Dés l'âge de 12 ans,
Erick-Christian AHOUNOU, dont les grands frères avaient fait des
études de journalisme, s'est passionné pour la
photographie, et s'est mis à lire tout ce qu'il pouvait trouver,
à Cotonou, sur cet art et cette technique, puis à
solliciter voyageurs et correspondants pour obtenir plus de livres,
plus d'informations. Ses parents lui concédèrent l'usage
d'un petit labo photo, à la maison, en tant que loisir. Au
Bénin, comme ailleurs, les professions artistiques ne sont
guères vues d'un bon oeil par les familles !
Au décès de son
père,
polygame, Erick-Christian se retrouve l'aîné des 6 enfants
de sa mère,
et décide à la fois d'arrêter ses études et
de gagner sa vie avec sa
passion. Il commence par quelques reportages domestiques sur les
baptèmes, les mariages et autres cérémonies de la
vie quotidienne,
puis, lors du renouveau démocratique de son pays, à la
fin des années
80 et au début des années 90, s'engage dans le
photojournalisme, jusqu'à devenir en 1999 le président de
l'Association Nationale des Reporters d'Image du Bénin.
C'est au début de ces
années 90, après un travail dans le journal de la Mission
de Coopération, et divers stages de formation effectués
en France, en Côte d'Ivoire et au Sénégal, qu'il
approfondit ses connaissances, diversifie ses talents, et
réalise enfin que le photographe n'est pas seulement l'homme qui
appuie sur le déclancheur de l'appareil, le serviteur de la
mémoire des autres, le témoin passif des petits ou des
grands événements.
On le sait, après
s'être méfié de la photographie, l'Africain, qui
individuellement ou collectivement n'est pas moins narcissique qu'un
Occidental ;-), s'est goulûment emparé de cette technique,
et les photographes de quartier, les labos de développement,
fleurissent aux coins des rues des grandes capitales d'Afrique Noire:
pas moins de 40 labos à Cotonou, et une myriade de photographes
plus ou moins professionels !
C'est donc un paradoxe
extraordinaire de constater que jusqu'à une époque
récente on pouvait renconter sur le Continent Noir toutes sortes
de porteurs d'appareils photos...sauf des photographes revendiquant une
liberté et une démarche d'artiste. Au Bénin,
Erick-Christian AHOUNOU fut donc, il y a quelques années, le
premier d'entre eux, le premier à imaginer une recherche
esthétique en vue d'une exposition d'art photographique. A cet
égard, en Afrique, pour bien des artistes de l'image, la
Biennale de la Photographie de Bamako fut un encouragement à
clamer haut et fort leur véritable identité.

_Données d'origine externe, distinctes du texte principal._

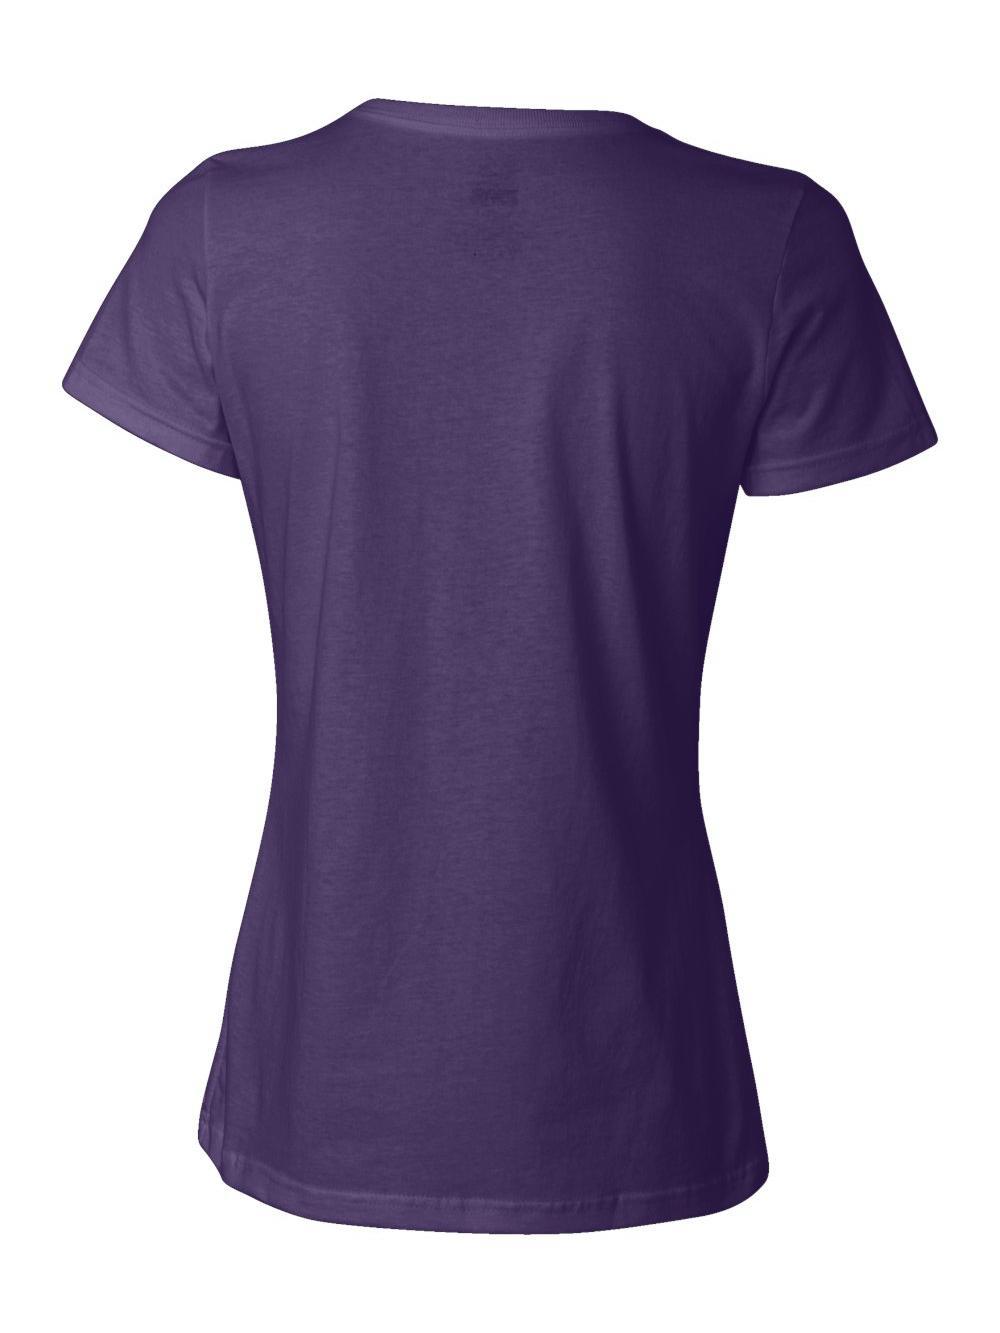 Fruit-of-the-Loom-HD-Cotton-Women-039-s-Short-Sleeve-T-Shirt-L3930R thumbnail 22

Notre ami AHOUNOU, il ne s'en cache
pas, est un homme d'action, de défis et de provocation ! Outre
le fait qu'il remet en cause, chez lui, le fait que la photo soit une
pratique mercenaire, utilitaire et subalterne, il décide de
choisir pour sa première grande expo artistique un thème
souvent traité par ses confrères "Blancs", y compris en
Afrique, mais jusqu'alors totalement absent (ou occulté) chez
ses confrères africains: le nu féminin.
L'artiste nous avoue que cette
provocation - au résultat somptueux - il se l'est d'abord faite
subir à lui-même, comme une initiation. Il évoque
avec plaisir cette première fois où une femme s'est
déshabillée devant lui pour devenir son modèle, et
non pas son amante. Ce plaisir-là, souvent mal compris, est le
plaisir du
créateur qui va réinventer le monde, lui donner un sens
nouveau, célébrer la beauté de formes que d'autres
n'ont pas su voir ou découvrir. Erick-Christian AHOUNOU, le
photographe, a ouvert les yeux, en acceptant et en magnifiant
l'érotisme de son regard. Il nous invite depuis lors à
réver avec lui aux courbes et aux mystères de la Femme
Africaine - qui se laisse prendre à ce jeu, parce qu'elle sait
que sa victoire sera son émancipation.